Dans Ma Vie Ma Gueule, Agnès Jaoui est Barbie Bichette, publicitaire dépressive assortie de deux enfants distants et d’une radicale inadéquation à l’existence. L’ultime fugue de Sophie Fillières résonne drolatique et inquiétante comme le font, font, font les meilleures comptines.
Ma vie ma gueule est le film posthume de Sophie Fillières. En tant que tel, il est insituable : les dernières œuvres sont inévitablement reçues comme une synthèse et un testament, à la fois contraction du travail antérieur et legs. L’exercice de l’écriture critique gagne en difficulté. Le film étudié devient un symbole à deux visages, l’un tourné vers le passé et l’autre vers un futur impossible, celui des œuvres qui n’existeront plus. Dans le cas de Ma Vie ma gueule, l’ambiguïté est d’autant plus probante que Sophie Fillières savait sa mort prochaine et que la postproduction a été réalisée après son décès par ses deux enfants, Agathe et Adam Bonitzer.

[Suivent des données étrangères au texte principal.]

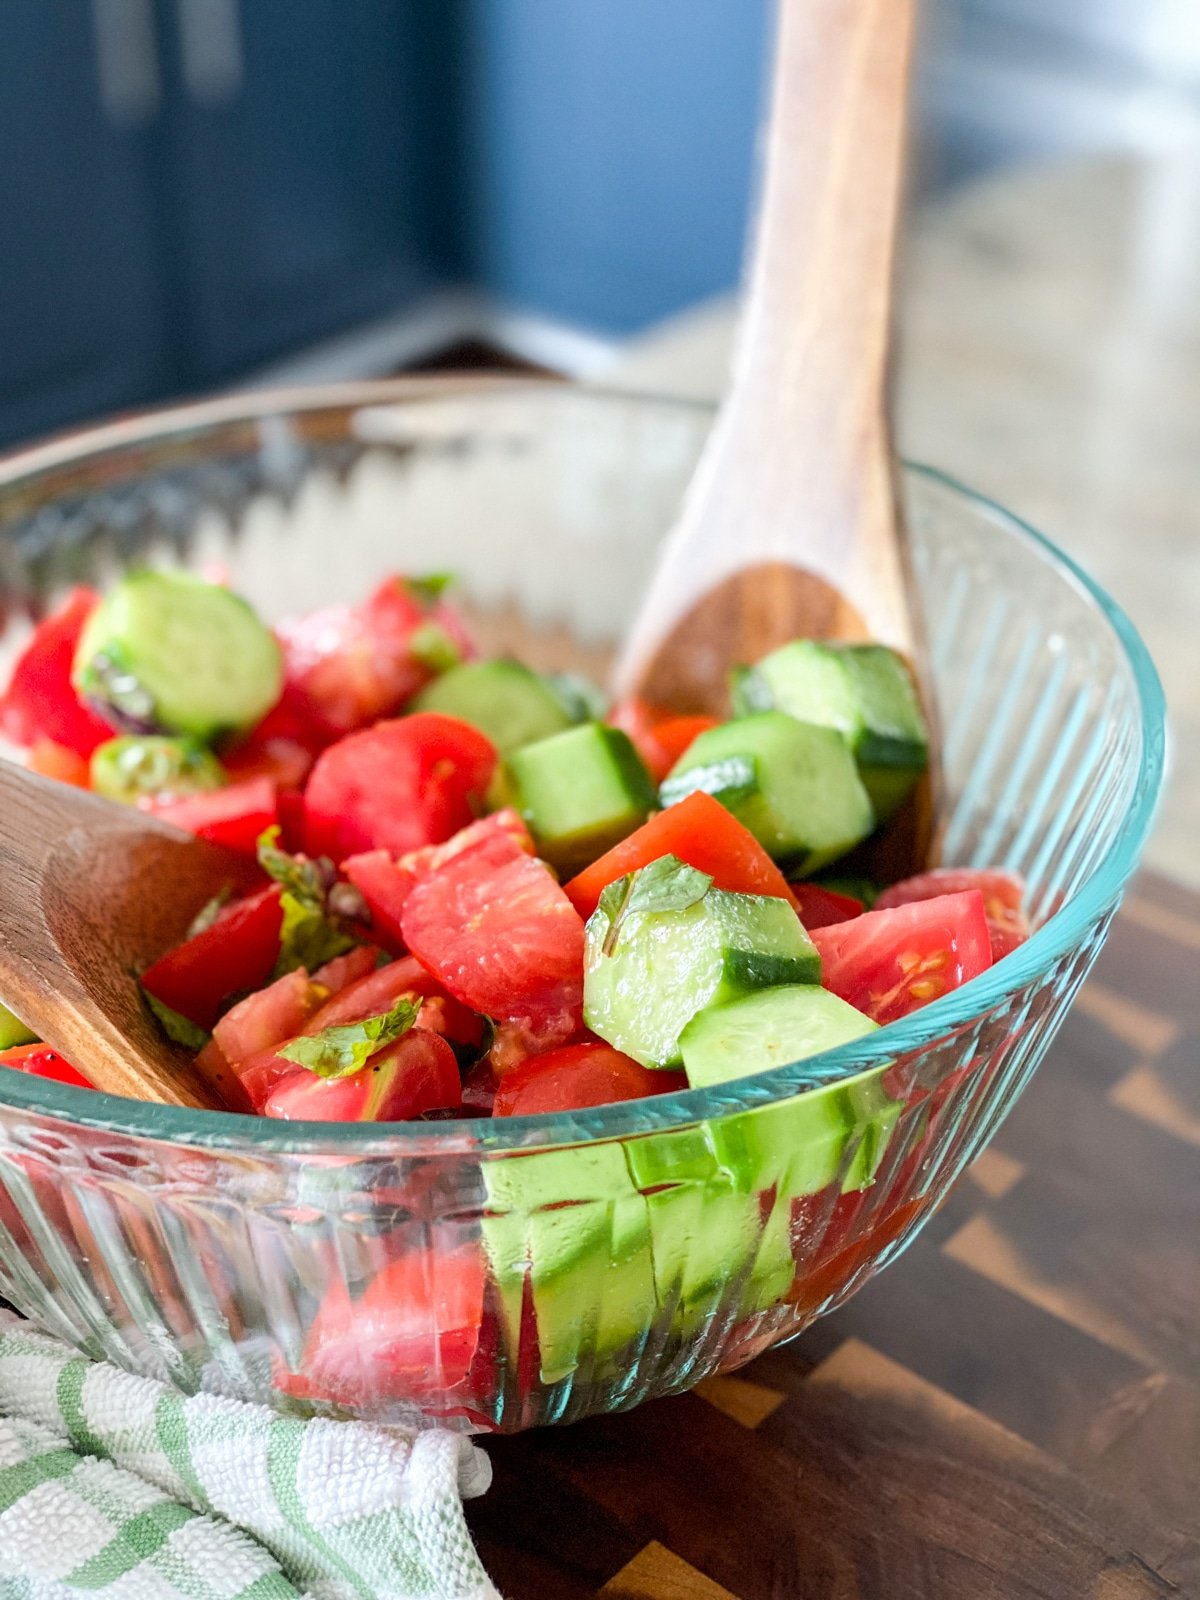 tossing the tomato cucumber salad marinated in vinegar
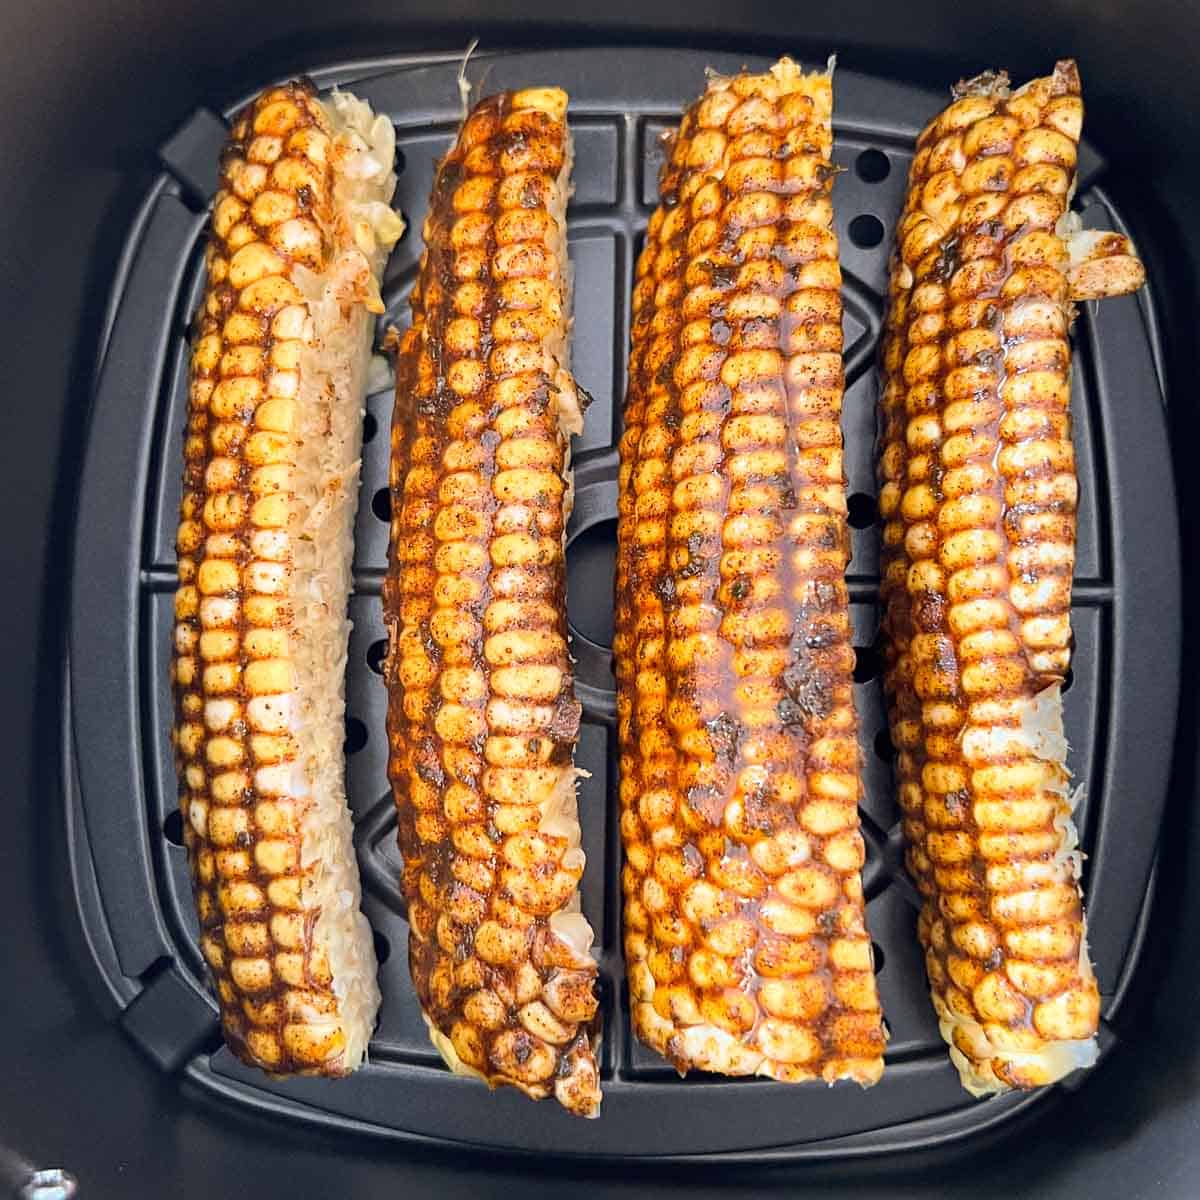 corn ribs in air fryer before cooking

Mou-rir(e) dans sa barb(ichette)
L’image du janus bifrons se prête plus largement à un cinéma hanté par la répétition. Cet ingrédient du comique de gags est à ce point indissociable de l’œuvre de Sophie Fillières qu’on pourrait dire que celle-ci est comique non pas juste parce qu’elle fait rire (ce qui serait déjà beaucoup) mais parce qu’elle n’existerait pas sans lui. Le principe de répétition opère au sein des titres (par exemple Un Chat un chat ; La Belle et la belle), des récits (chacun de ces deux films confronte deux femmes d’âges différents qui nouent une improbable amitié), des types de scènes (adieux et rencontres dans les transports en commun), des plans (robinets ouverts puis fermés), d’un film à l’autre ou au sein d’un même film. Ce cinéma est intensément verbal non pas (seulement) en raison de ses dialogues absurdes mais parce qu’il est structuré selon une grammaire possédant ses règles, à l’instar d’un calembour visuel. Dans une même terre riche d’humour noir, se creusent de manière sérielle des excavations drolatiques et morbides, à la fois semis et tombeaux.
Dans Ma vie ma gueule, Agnès Jaoui s’appelle Barberie Bichette, Barbie pour les intimes. Barbie Bichette, ça ressemble à Sophie Fillières car ces mots se terminent et commencent par la répétition d’une même syllabe, « bi/bi » et « phi/fi ». Le principe de répétition empêche la rupture, comble le manque (ici le blanc typographique, ailleurs la solitude, partout la détresse). Barbie Bichette, ça donne « barbichette ». Reste à savoir ce que signifierait « sophillière » ou « sofillière ». Une intelligence artificielle à qui la question fut posée propose la distinction suivante : « “Sofillière” pourrait désigner un espace doux et accessible où la sagesse est partagée, ou bien une personne sage, mais humble dans sa manière d’incarner ou de transmettre le savoir. Le mot semble suggérer une forme de sagesse plus intuitive et naturelle, contrairement à “Sophillière” qui pourrait être plus formel ou institutionnel. » Quant au mot « barbichette », il évoque plus nettement le jeu qui consiste à se tenir le menton dans un-tête-à-tête statique et coi après avoir chanté la formule rituelle : « Je te tiens, tu me tiens par la barbichette ; le premier de nous deux qui rira aura une tapette. » La vie passe plus vite si l’on « pince-sans-rire », selon cette combinaison de drôlerie et de sérieux à laquelle s’entendent bien les comédiennes de Sophie Fillières.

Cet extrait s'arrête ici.